Recently I visited the dentist in Kyrgyzstan which, even the thought of this visit, caused my cohorts to worry greatly for my well-being.  They seemed surprised by my relative serenity when facing dental treatment, but little did they know that of all the service providers who work on our bodies, it is not the dentist, or even the physician, who worries me the most: it is the barber.  It all goes back to childhood.  My father was my first barber, armed with a do-it-yourself home haircutting kit as part of our family's wise approach to home budgeting. While my father is a man of great and varied talents, haircutting might have been his weakest skill. I admit I was a very poor customer, fearful, squirming, and crying, but the day he cut my ear with his scissors causing blood to spill everywhere was the day my mother put her foot down and ended my father's home barber career, much to the relief of all parties.

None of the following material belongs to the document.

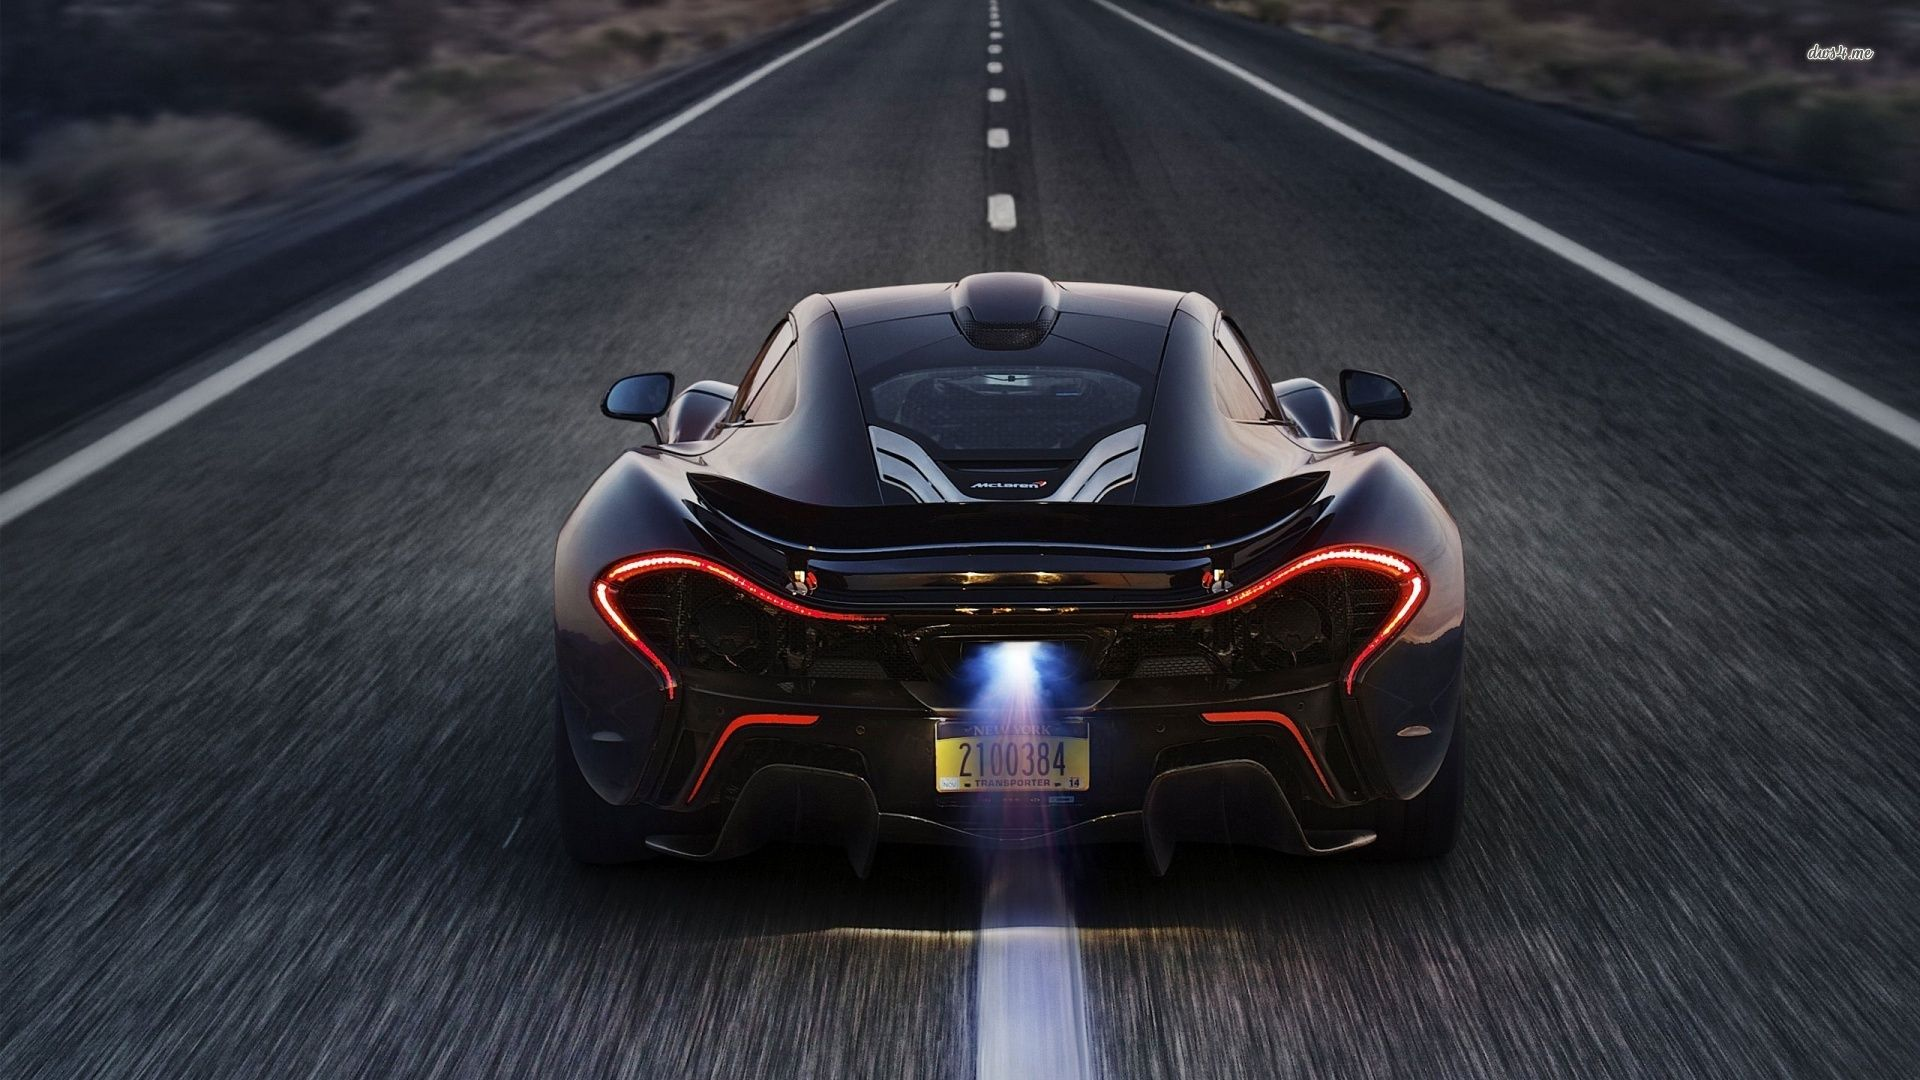 Mclaren P1 Hd Wallpaper Super Cars Fast Cars Mclaren P1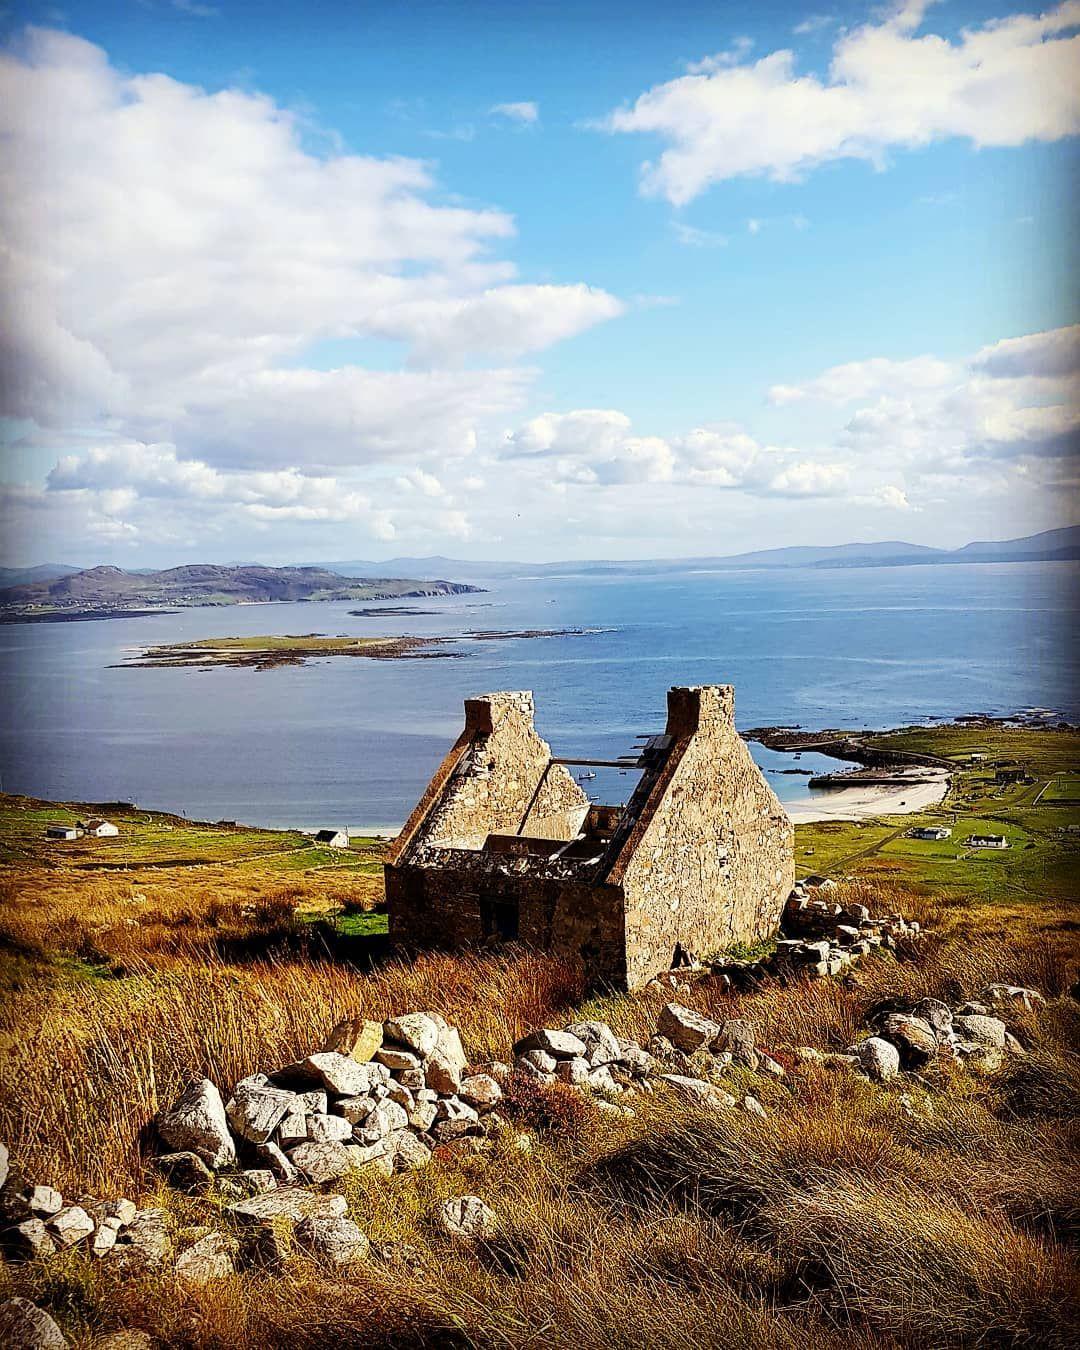 Arranmore Island Co Donegal Arranmorehostel Arranmoreisland Ireland Donegal Wildatlanticway Beautifuldestina Beautiful Destinations Solo Travel Island

Not that the professional barber was much better.  I vividly remember a barber in the coastal town we lived in when I was a child, who would cough down the back of your neck every couple minutes, breath smelling of whisky or some other potent beverage.  Then there was the barber, when we lived in the Columbia Basin--the only haircut he would give anyone who entered his shop was an ultra-short, Marine Corps style buzzcut.  I was very young at the time and I don't remember his exact words, but it was something about refusing to give people "hippie haircuts."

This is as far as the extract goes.